Wizualizacja ukazująca trójwymiarowy obraz galaktyki uzyskany za pomocą MUSE (dane uzyskane podczas obserwacji galaktyki NGC 4650A)

Multi Unit Spectroscopic Explorer (MUSE) – instrument zainstalowany na należącym do ESO teleskopie głównym nr 1 Bardzo Dużego Teleskopu (VLT) w Obserwatorium Paranal w Chile na początku 2014 r.[1] MUSE jest najnowszym z instrumentów drugiej generacji zaprojektowanym dla VLT (pierwszymi dwoma były X-shooter i KMOS[2], a kolejnym będzie SPHERE[3]).

Budowa i działanie

Urządzenie składa się z 24 spektrografów[4], których zadaniem jest rozdzielanie światła na jego barwy składowe, w celu utworzenia zarówno obrazów, jak i widm wybranych obszarów nieba. W ten sposób powstają trójwymiarowe obrazy Wszechświata z widmem w każdym pikselu jako trzecim wymiarem.

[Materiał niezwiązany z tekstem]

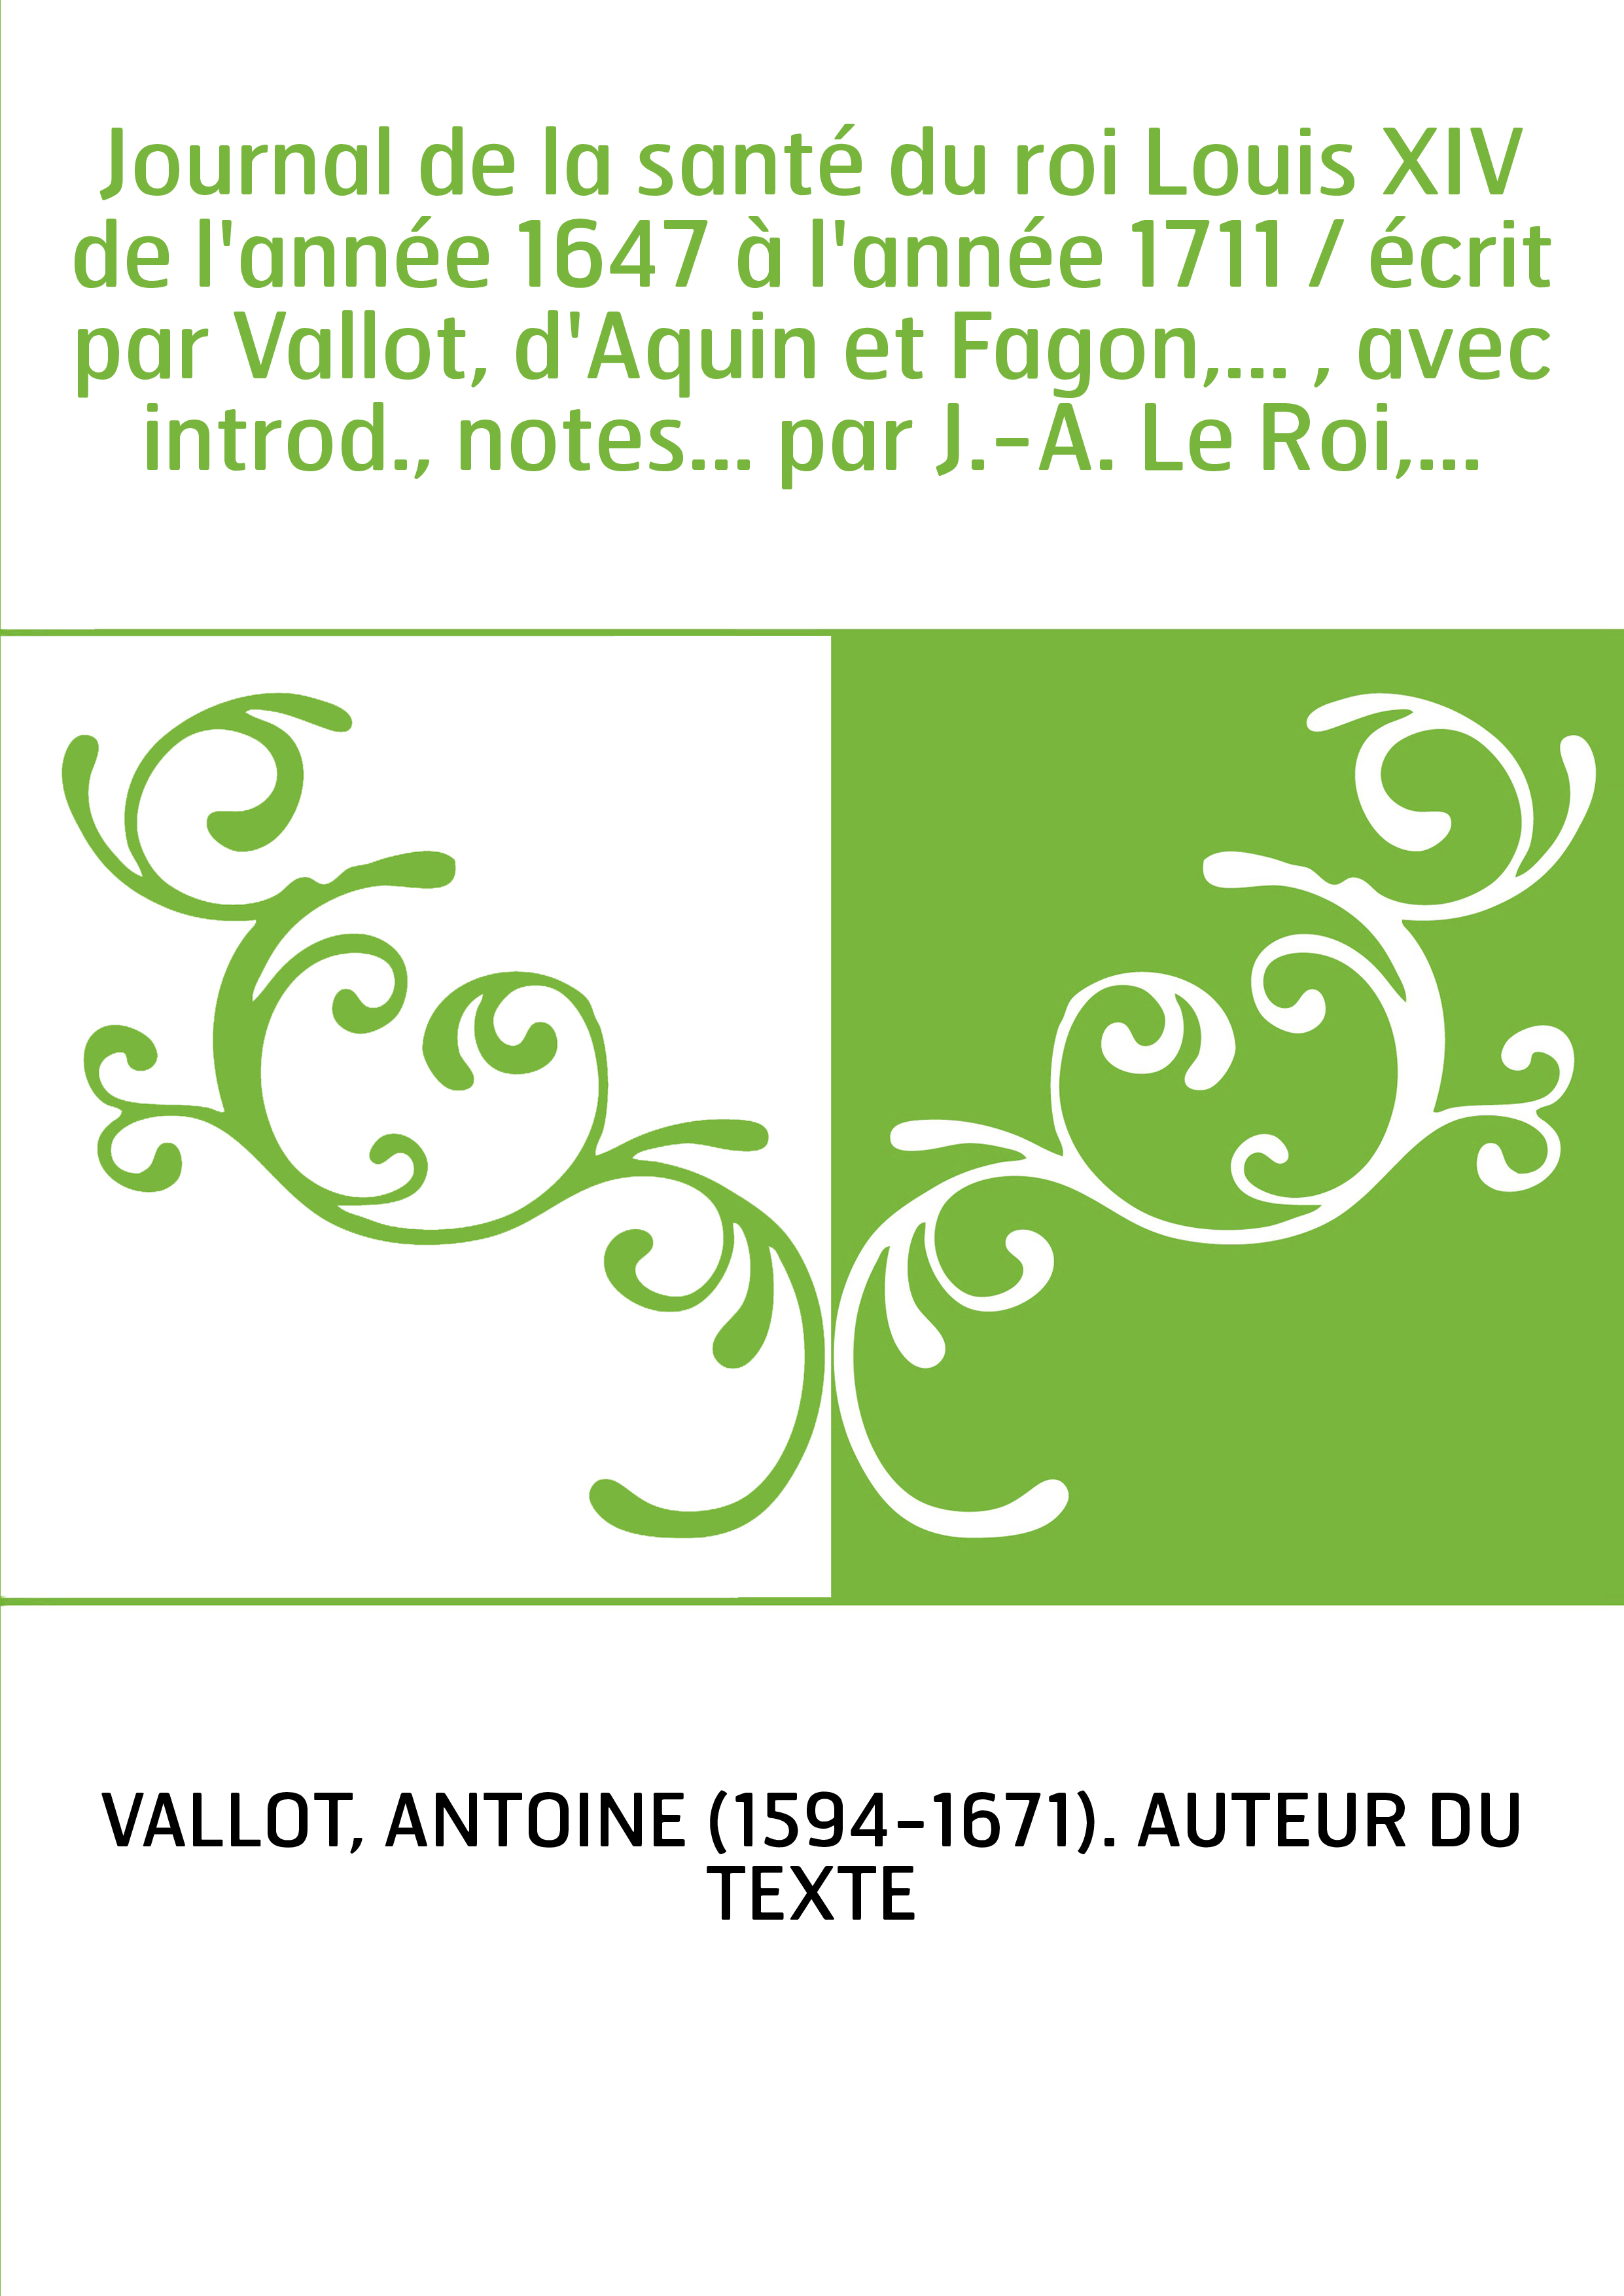 Journal de la santé du roi Louis XIV de l'année 1647 à l'année 1711 / écrit par Vallot, d'Aquin et Fagon,... , avec introd., not

Metoda ta, zwana spektroskopią zintegrowanego pola (ang. integral field spectroscopy), pozwala astronomom na jednoczesne zbadanie własności różnych części obiektu takiego jak np. galaktyka, aby określić w jaki sposób rotuje oraz aby zmierzyć jego masę. Pozwala także na ustalenie składu chemicznego w różnych częściach obiektu oraz innych własności fizycznych.

Duży potencjał badawczy MUSE wynika z połączenia urządzenia fotografującego z pomiarowymi możliwościami spektrografu, korzystając jednocześnie z lepszej ostrości obrazów dostarczanych przez system optyki adaptatywnej[5] nazywanej "GALACSI"[6].

Instrument został zaprojektowany i wykonany przez konsorcjum MUSE – kierowane przez Centre de Recherche Astrophysique de Lyon z Francji oraz instytuty partnerskie z Niemiec, Szwajcarii, Holandii i Francji.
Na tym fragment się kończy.